Bu anlayışla Marx, çocuk emeğini üretimden dışlamak yerine; çocuğun yaşı, işin güvenliği, çalışma zamanının düzenlenmesinin gerekliliğini ortaya koymuştur. Çocuk çalışmasında, çocuk lehine düzenlemelerin; yasa ile garanti altına alınması ve çocuğun çalışmasının eğitimle birleştirilmesi gerektiğini belirtmiştir. Marx’a göre; çalışmayla eğitim, okulla iş arasındaki keskin ayrımın ortadan kaldırılması gerekir. Her çocuk, eğitimiyle birlikte; erken yaşta üretim içerisinde yer almalıdır. Kuşkusuz her yetişkin de, hem işte hem de eğitim alanlarında eğitimine devam etmelidir.

Marx, eğitimle işin birleştirilmesi düşüncesinde olan Robert Owen’e atıfta bulunarak, kendi eğitim anlayışını temellendirmiştir: “Robert Owen’in ayrıntılarıyla gösterdiği gibi gelecekteki eğitimin tohumu, fabrika sistemi içinde atılmış ve filizlenmeye başlamıştır; bu tür eğitimle belli bir yaşın üzerindeki her çocuk, üretici işi öğrenim ve jimnastikle bir arada yürütecek ve bu yalnızca üretimde etkinliğin artırılmasında bir yöntem olarak değil, tam anlamıyla gelişmiş bir insan yetiştirilmesinde tek yöntem olarak uygulanacaktır.” (2) Bu çerçevede gelişen sanayi, yarattığı olanaklarla bireyi, bir ömür aynı işe bağlayan bağlardan kurtaracak; bir ömür insanın, tek düze çalışmayla bıktırıcı bir şekilde tek işte çürütülmesine, yeteneklerinin köreltilmesine son verecektir. Zira sanayi, iş çeşitliliğini ortaya çıkararak, çok yönlü bireyin gelişmesinin olanağını sunmaktadır. İşte Marx, sanayinin gelişmesiyle birlikte; işi çeşitlendirmesindeki bu gerçekliğin içerisinde, üretimle ilişkilenmiş eğitim düşüncesini temellendirmektedir.

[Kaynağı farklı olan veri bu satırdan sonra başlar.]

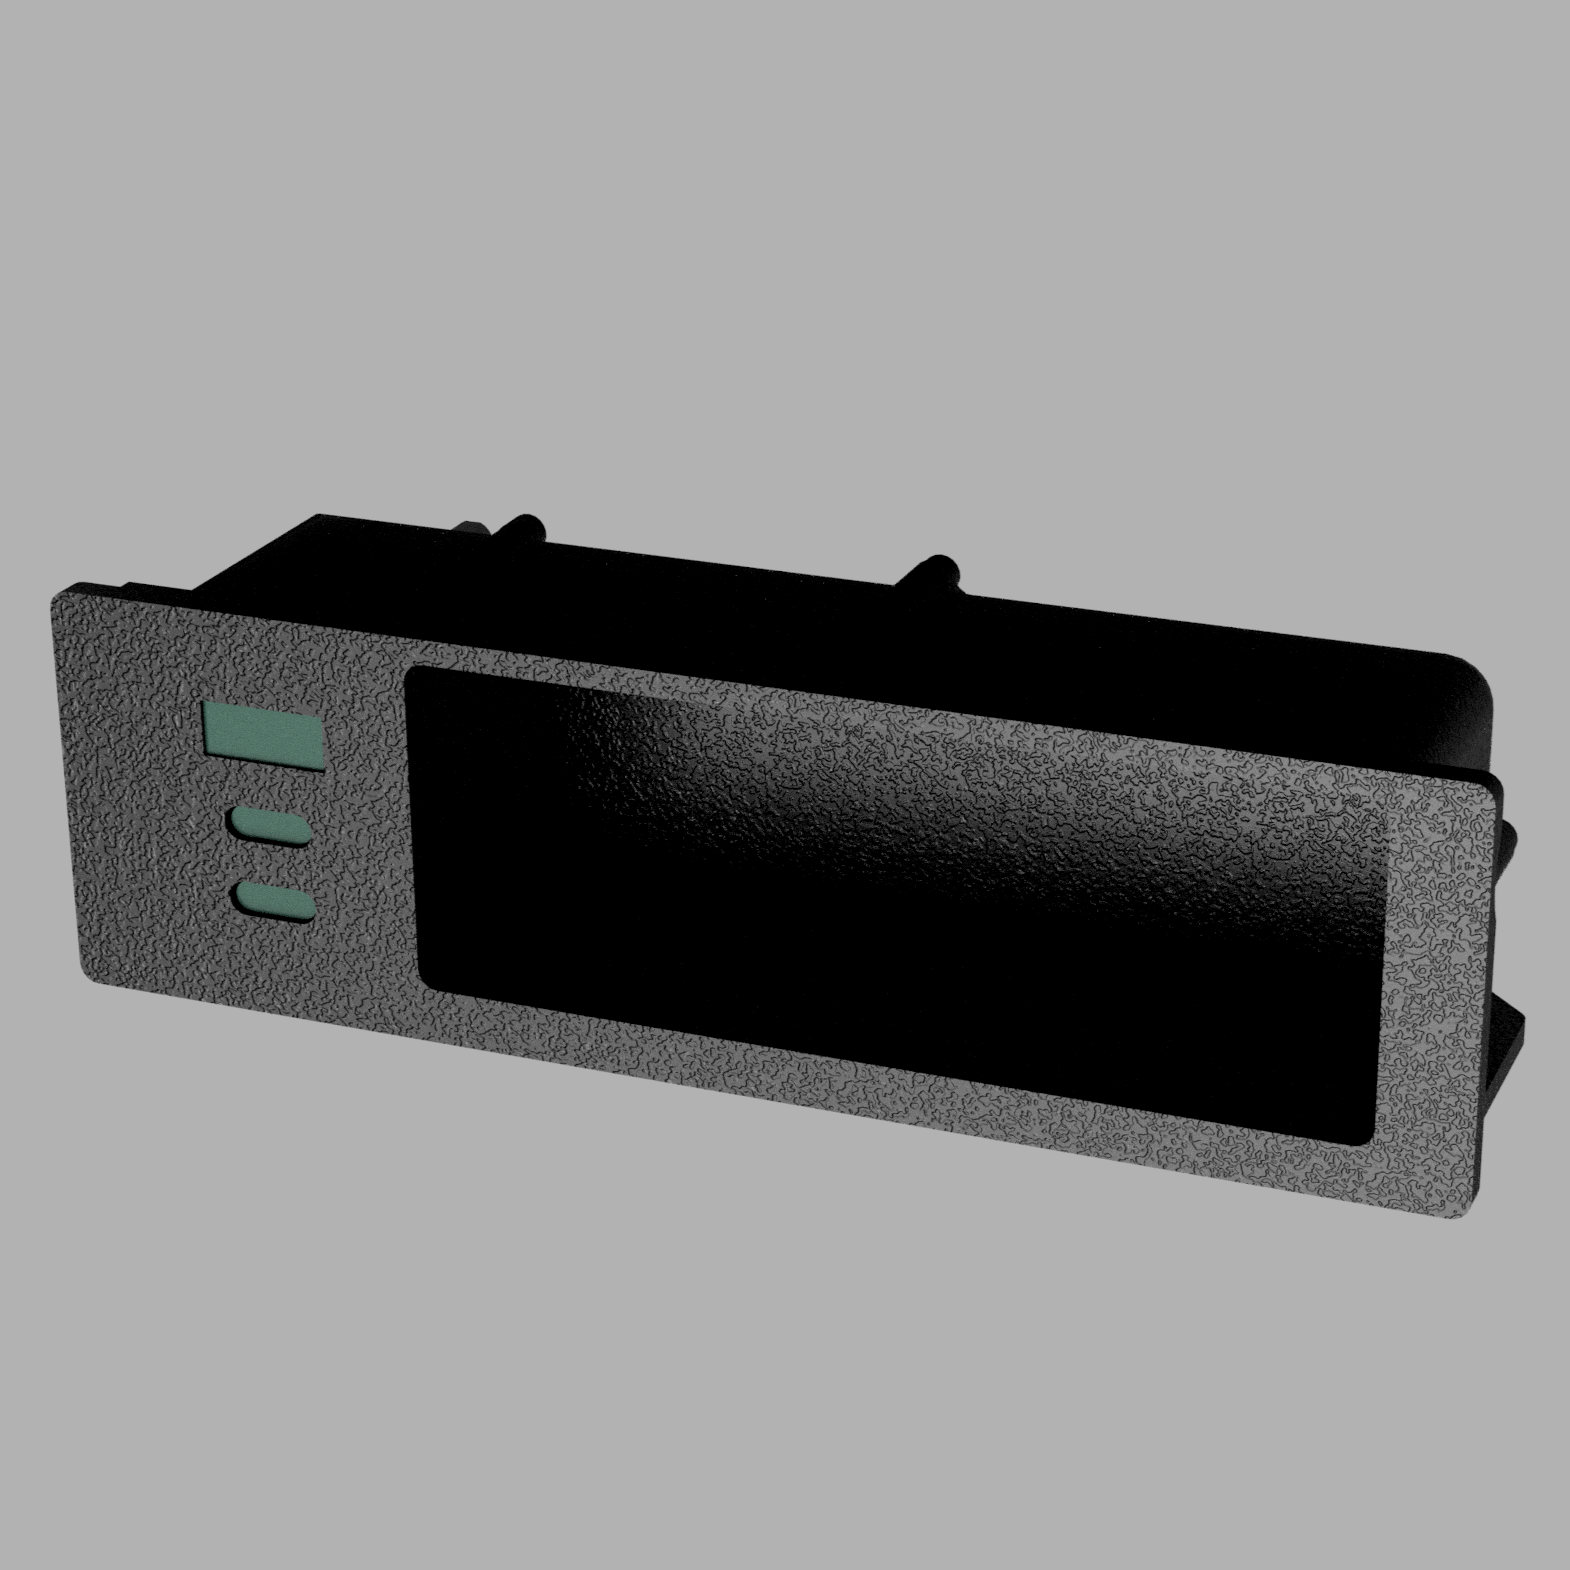 E46 dual usb port fast charge voltmeter gauge pod

Marx, kapitalde İngiliz Fabrika Yasalarında çocukların çalıştırılabilmesi için, ilköğretim zorunluluğu getirmiş olmasını olumlu buluyor. Zira bu yasa, tüm olumsuzluklarına rağmen; çocuğun çalıştırılabilmesi için eğitimi şart koşuyordu: “Yasanın öğrenimle ilgili hükümleri bütünüyle saçma olmakla birlikte hiç değilse, ilköğrenimin, çocukların çalıştırılması için zorunlu koşul olduğunu bildiriyordu. Bu hükümlerin ilk başarısı, öğrenimle jimnastiğin el işiyle birleştirilebileceğini ve dolayısıyla el işinin öğrenim ve jimnastikle bir arada yürütülebileceğini ilk kez tanıtlamıştı.” (3) Öte yandan hem öğrenimi hem de çalışmayı birlikte sürdüren çocukların, bütün gününü okulda geçiren çocuklara göre, daha fazla şey öğreniyorlardı. Marx, fabrika denetmenlerinin okul müdürleriyle görüşmesinden aktarıyor: “Fabrika denetmenleri, okul müdürleriyle yaptıkları soruşturmalardan, çok geçmeden, fabrikadaki çocukların, düzenli gündüz okullarında okuyan çocukların ancak yarısı kadar öğrenim gördükleri halde, onlar kadar ve çoğu zaman daha fazla şey öğrendiklerini ortaya çıkarmıştır.”(4)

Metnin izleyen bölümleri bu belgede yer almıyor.